## Exercise directions
Transcribe exactly, and without pictures, only the lines from the one bearing "Blue sofa in" through the final line of the data below.

## Data below
===============

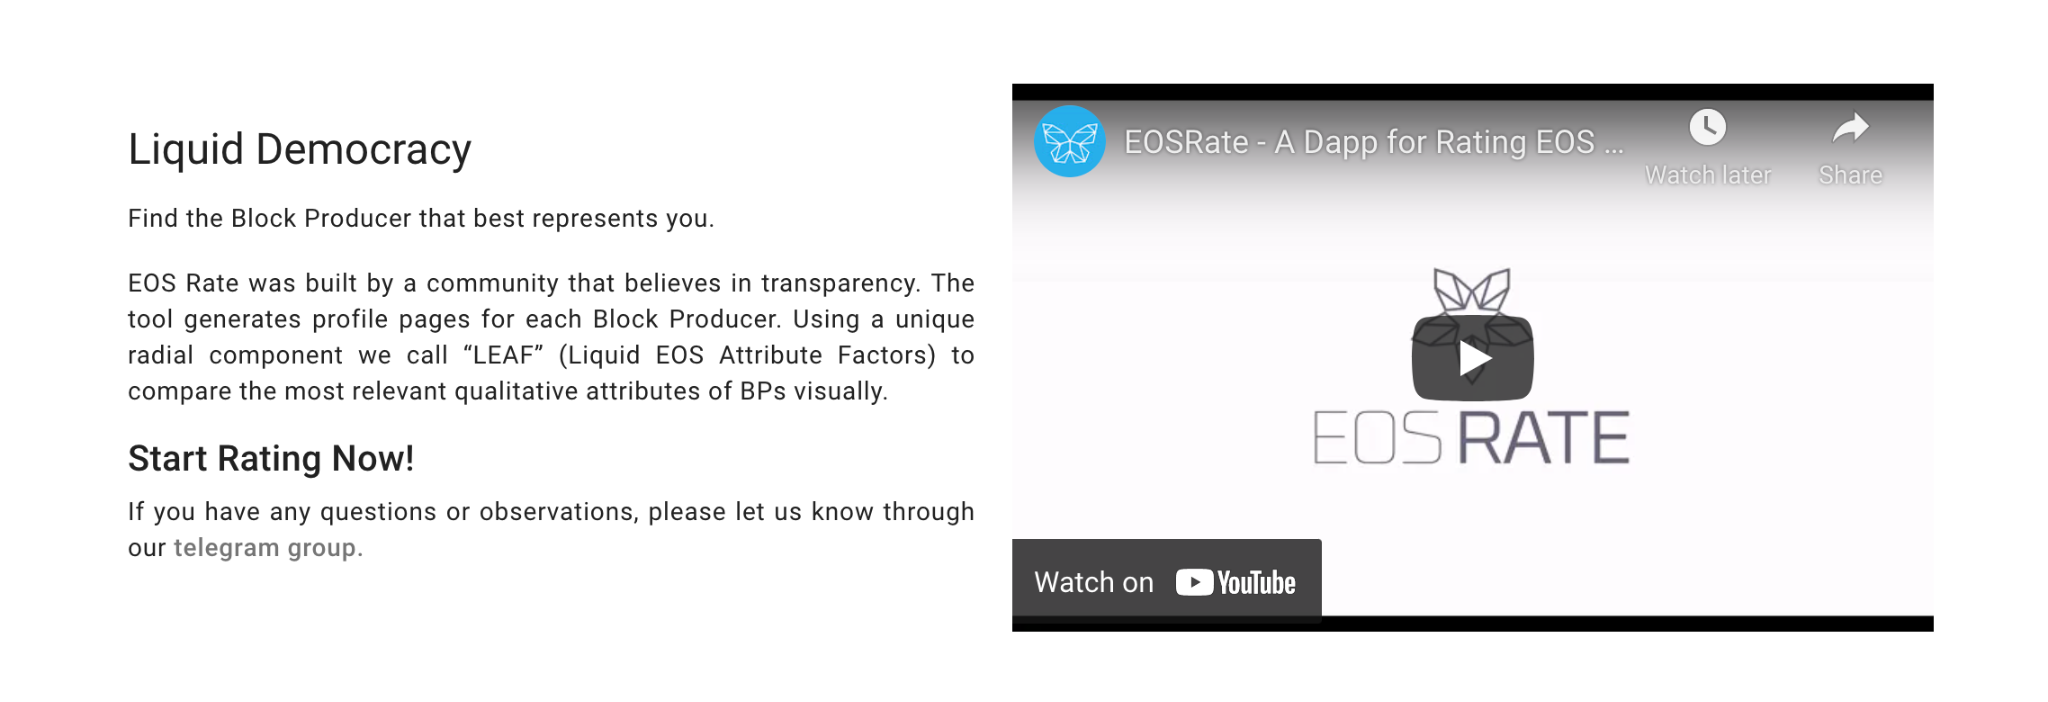 EOS Rate
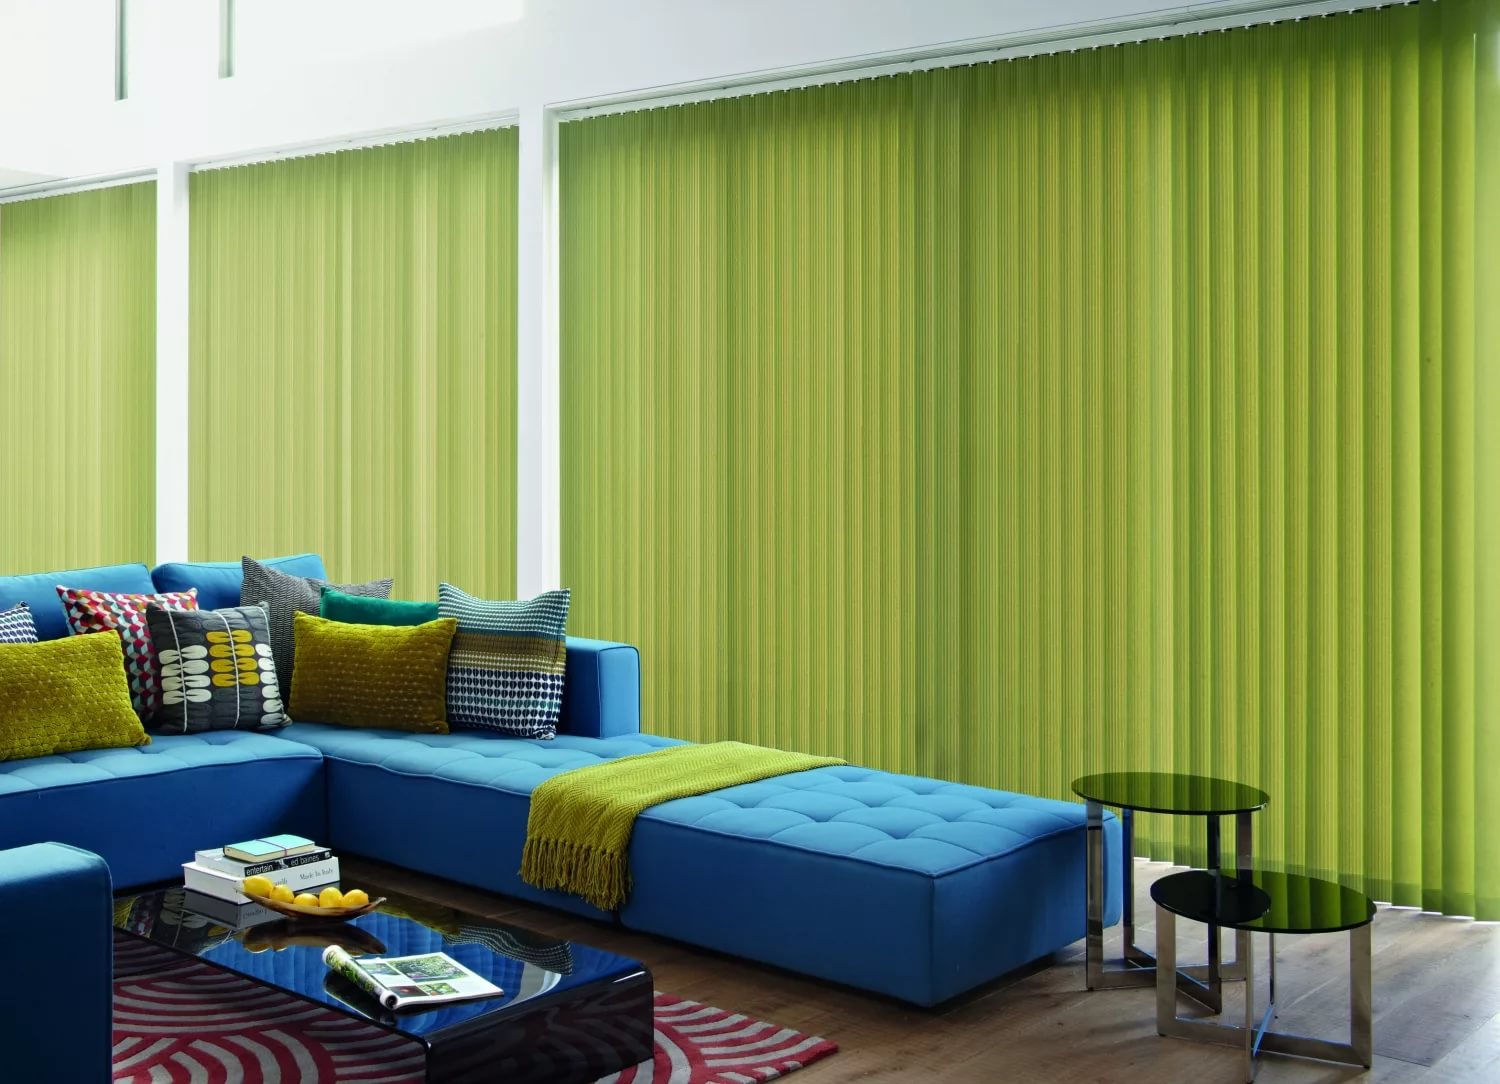 Blue sofa in the living room with green curtains
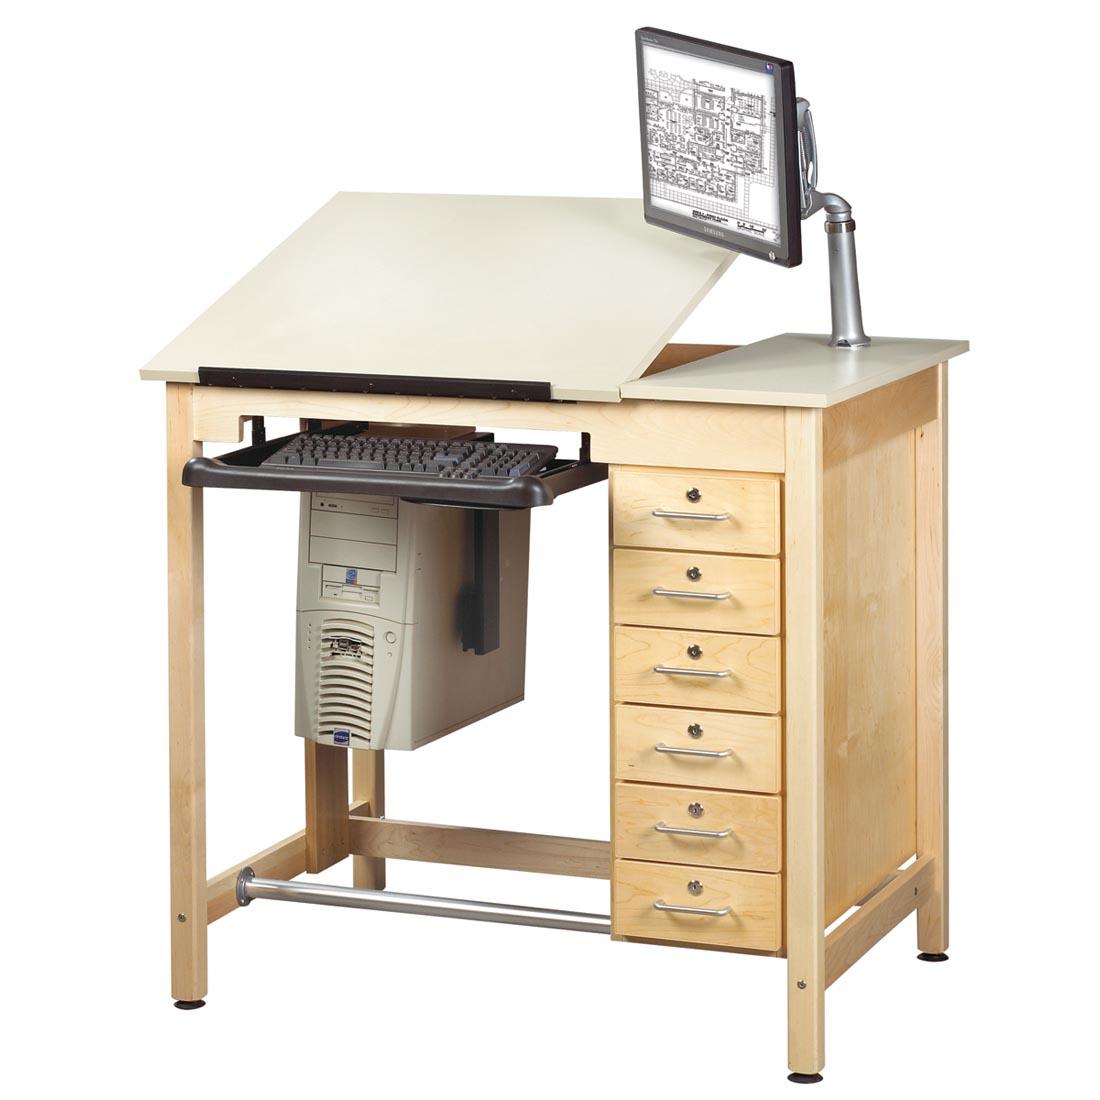 Drawing Table With Drawers shown with mounted computer as a suggestion
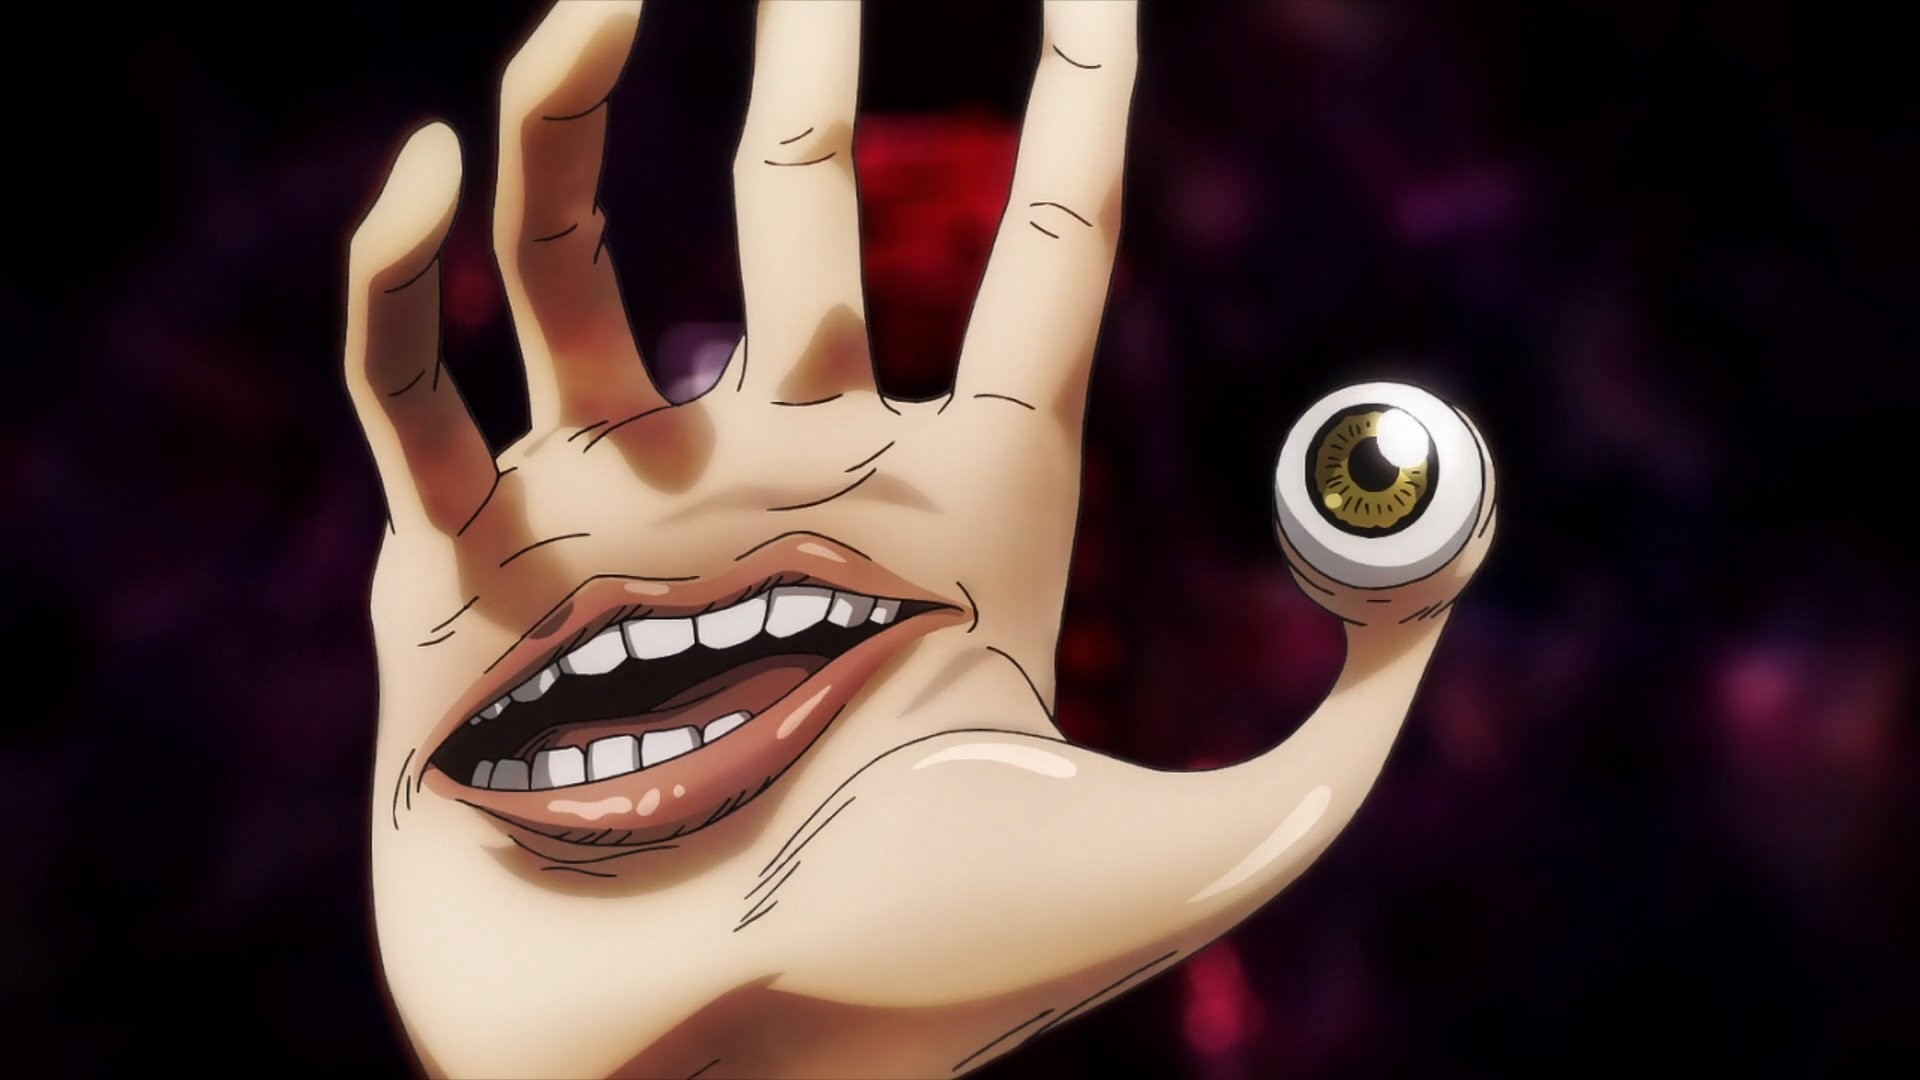 Parasyte Wallpapers Images

===============

## Your solution
 Blue sofa in the living room with green curtains
 Drawing Table With Drawers shown with mounted computer as a suggestion
 Parasyte Wallpapers Images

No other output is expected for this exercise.